I'm trying to understand how isotopes can tell me something about the charge of the different peaks. This pdf file mentioned the following about isotopes in correlation with the charge of the peaks:

Isotopes
If the mass spectrometer you are working with has sufficient resolution look at the isotopes, a singly charged ion will show isotopic peaks that differ by 1 mass unit, a doubly charged ion will show peaks that differ by 0.5 mass units and so on. This is another way to deduce the charge state of a peak and thus the mass.

So let's suppose the spectrometer has a sufficient resolution to look at the different isotopes. It's not really clear for me at which peak I have to start. So to summarize my questions realted to this topic:

• Which peak do I have to look at when determining the charge based on the isotope distribution?
  
• Why would the peaks differ 0.5 mass units (see above)?

update

source: http://mascot.proteomix.org/help/mass_accuracy_help.html
When looking at the above graph, there is a difference of 1 amu between the different peaks.

• What do the isotopes have to do with the charge?
• What does this charge (and isotope distribution) tells us about the peak on which we zoomed in to create the above graph?

Answer 1

If you have an ion of mass 100 and charge 2, the m/z ratio (let's exclude the root) will be 100/2=50. If you have isotopes, then you expect to find several peaks for a given fragment. For example, the masses of different isotopes of the same molecule could be like: 100, 102, 105 and 107. In this case the spectrometer will detect four peaks, instead of one, for the same molecule (will look something like this): 100/2, 102/2, 105/2 and 107/2. The charge of all that peaks is the same.. it's only the mass that differs.

The page you linked simply makes an example, "singly charged ion will show isotopic peaks that differ by 1" example m=10 z=1 m/z =10, for the isotope m=11 z=1 m/z=11 (difference of 1). If you have a doubly charged ion m=10 z=2 m/z=5 and for the isotope will be 11/2=5.5 (difference of 0.5).

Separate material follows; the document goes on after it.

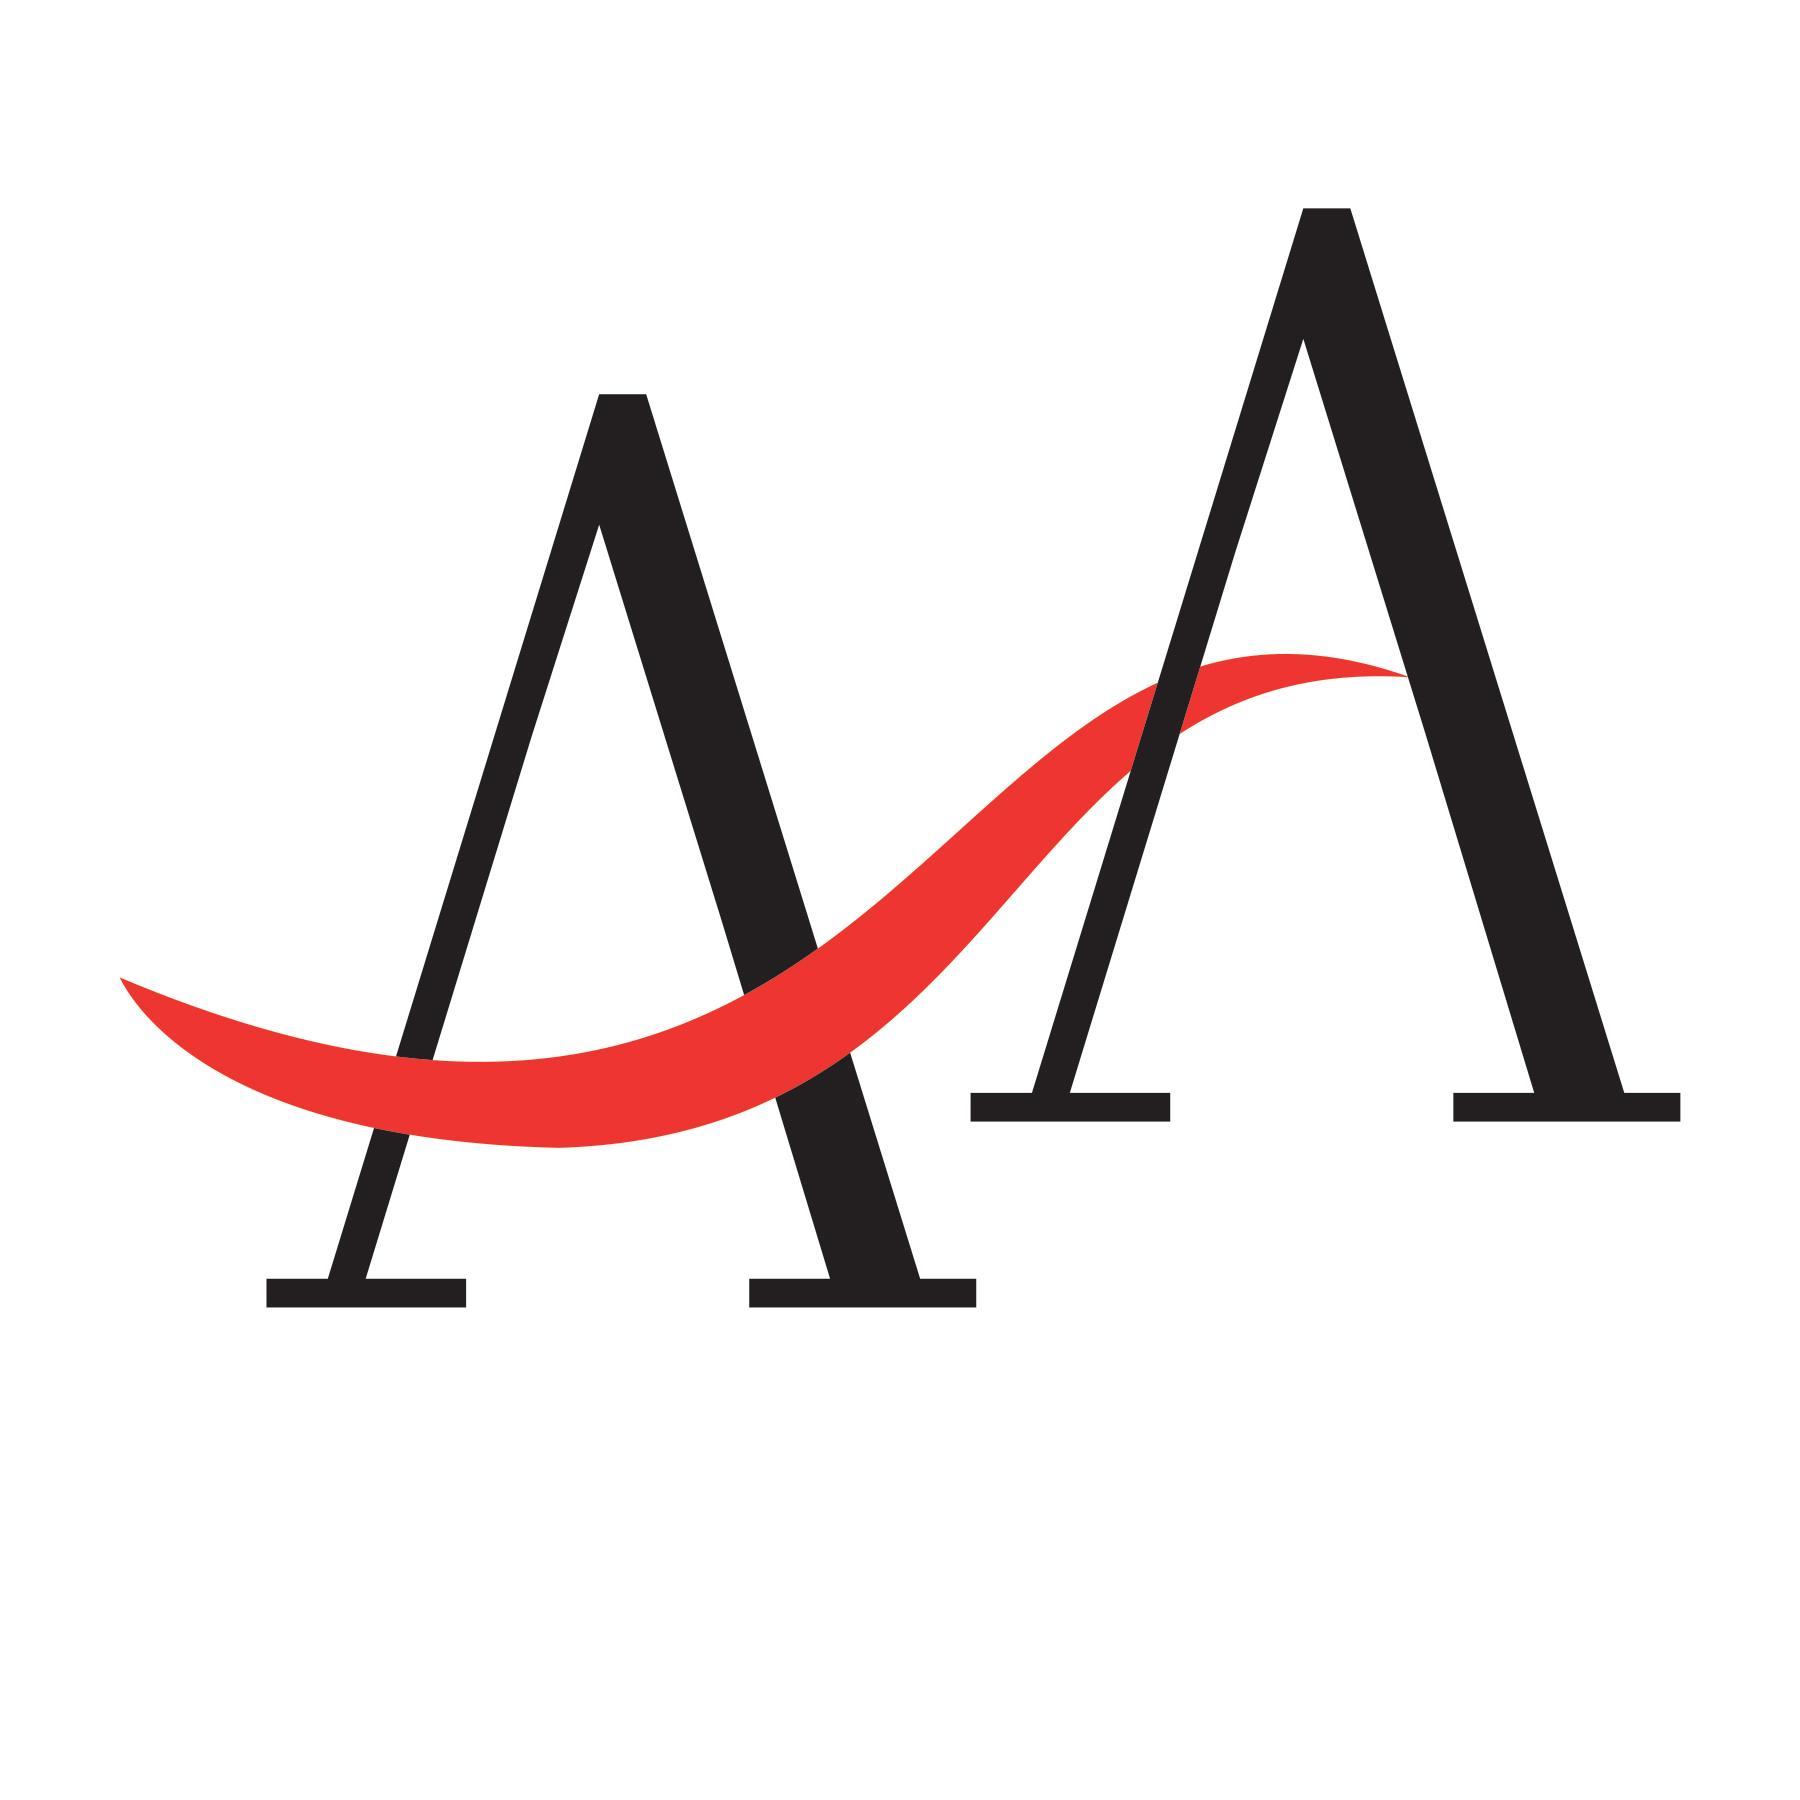 Affinity Alliance Mortgage & Real Estate image 4
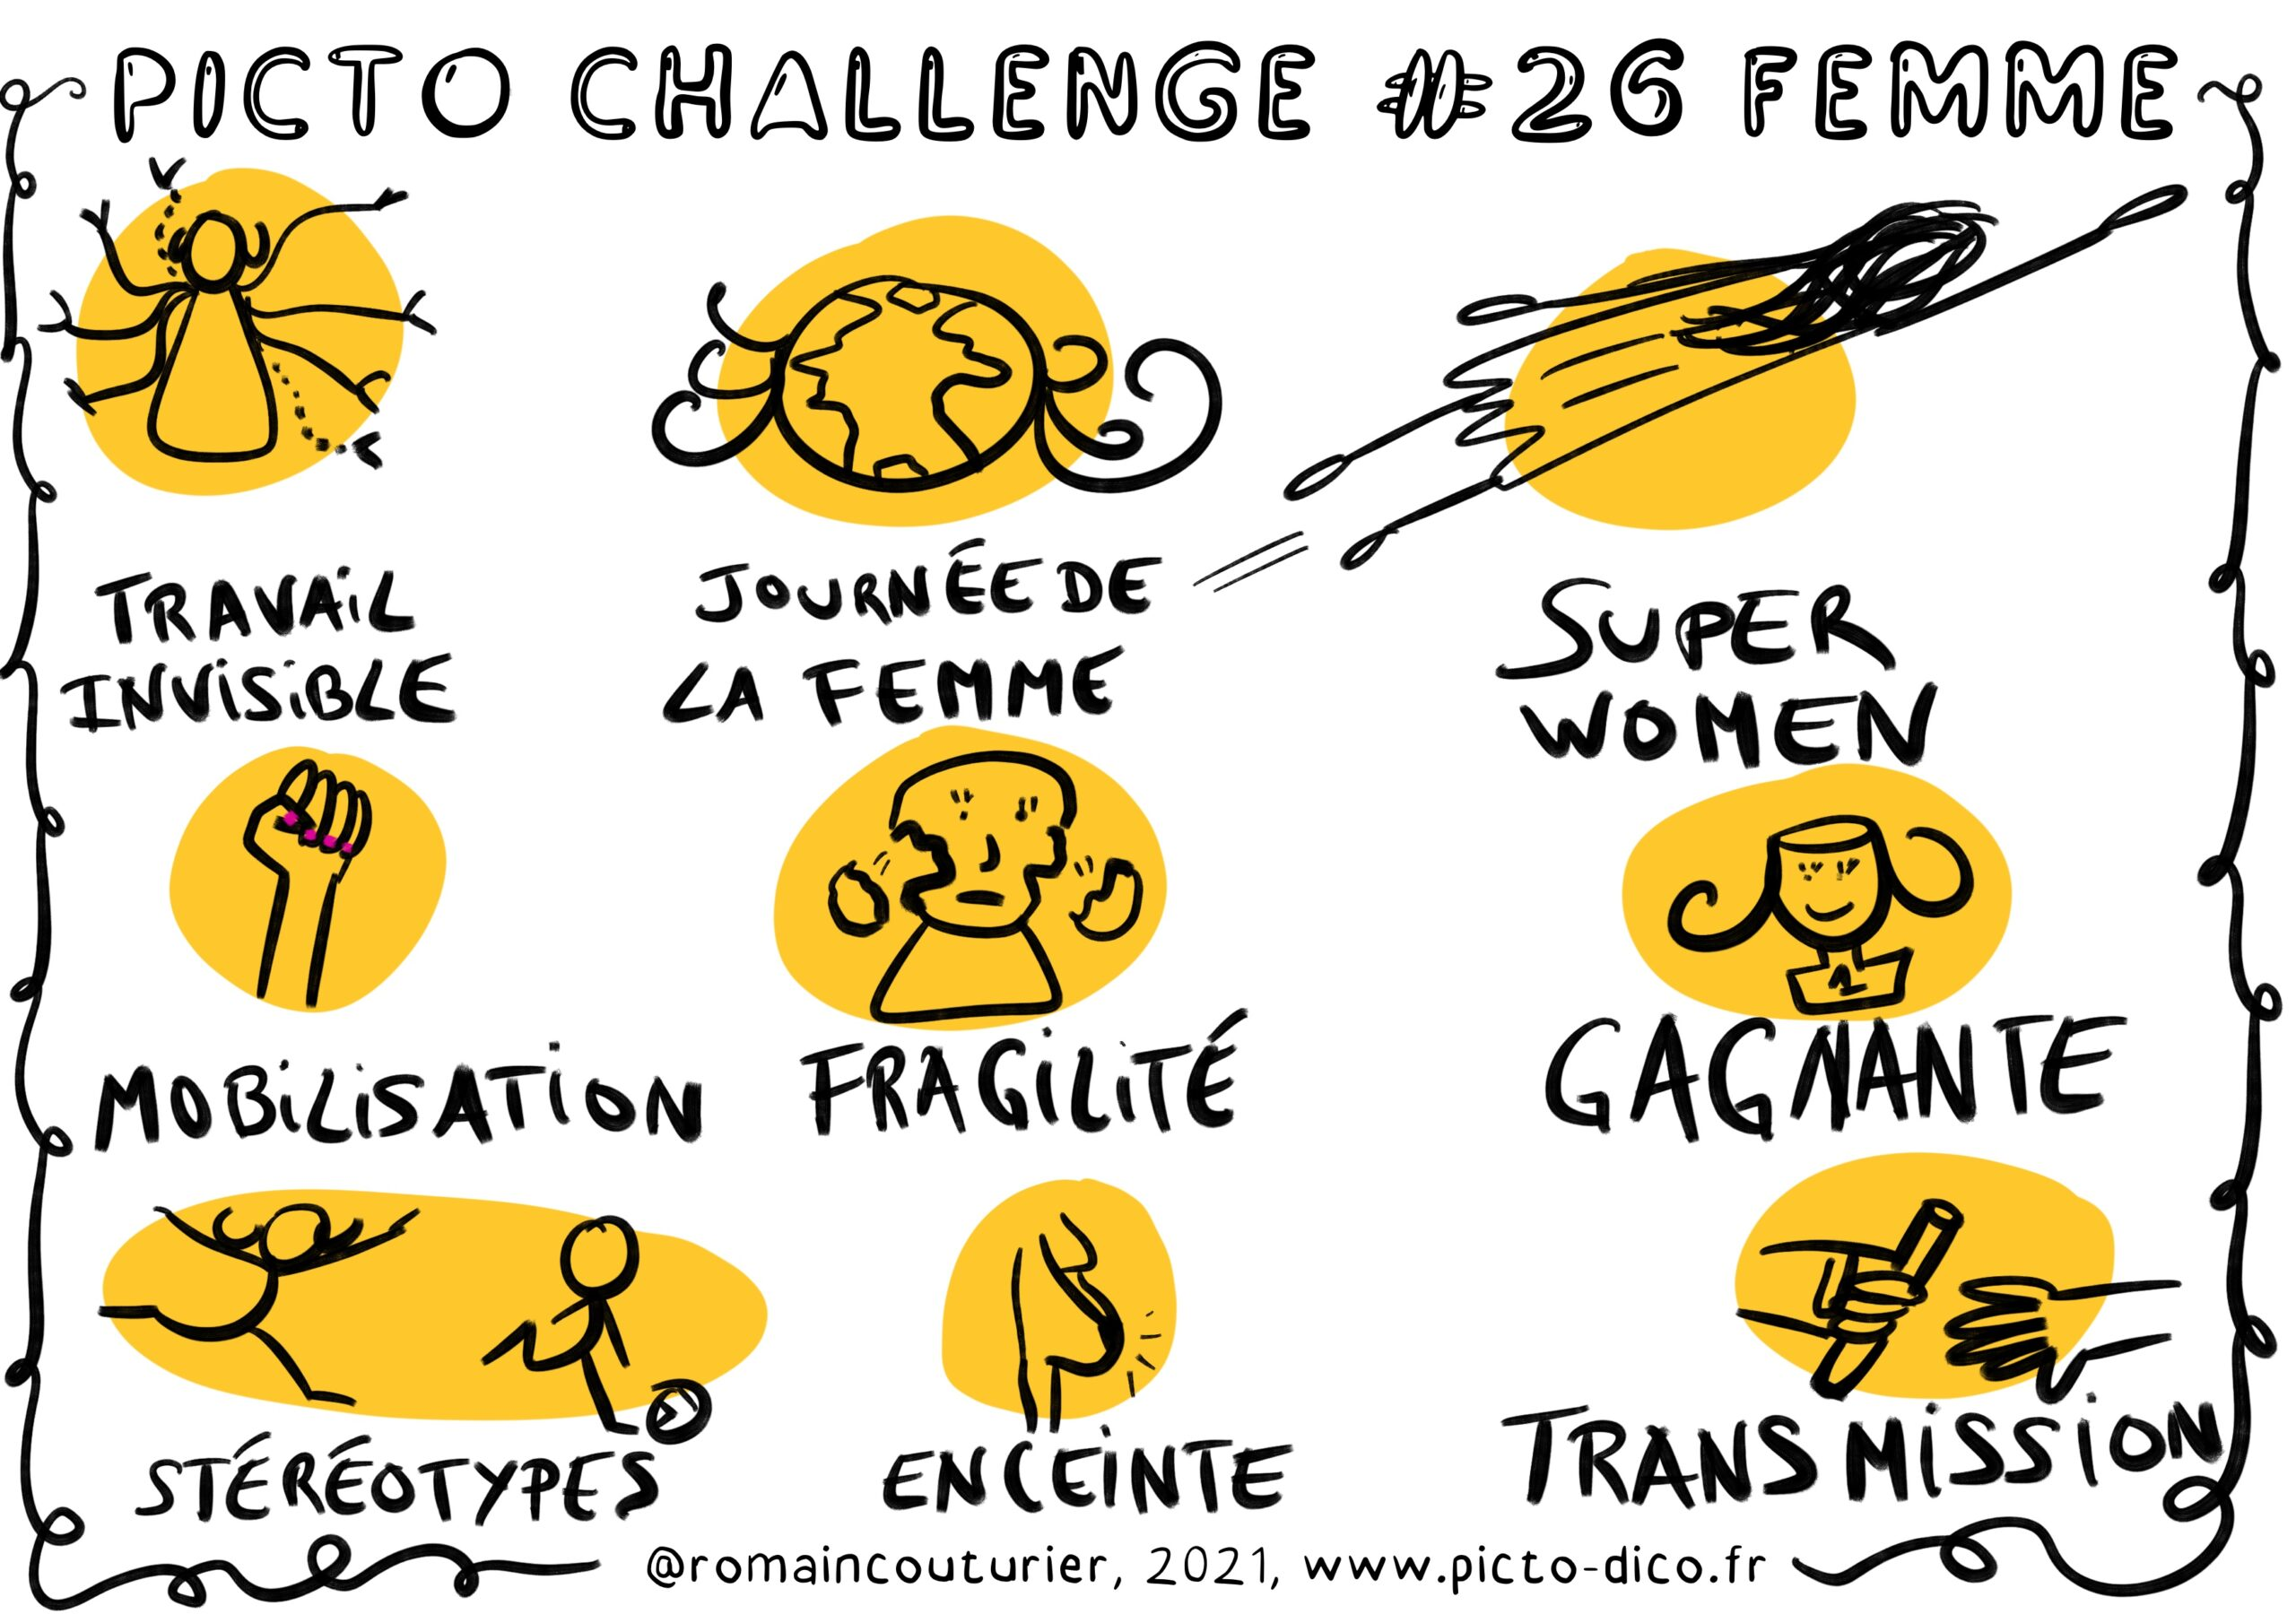 PictoChallenge n°26 spécial Femme

So, if you take the spectra of a compound and you see the isotopic peaks having a distance of 0.5 among each other, you are looking at a doubly charged ion, if the distance is 1, it's a singly charged ion.

What do the isotopes have to do with the charge? Given that the isotopes peaks are around 1 units far from each other, you can conclude that the ion you are looking at has 1 charge.

The last question is not clear to me.

Answer 2

I've changed the order of your questions so that the answers follow from one another.

What do the isotopes have to do with the charge?

The presence of isotopes has no effect on the charge of the molecule. The physiochemical properties of the molecule and how the MS has been setup dictate how molecules acquire charges.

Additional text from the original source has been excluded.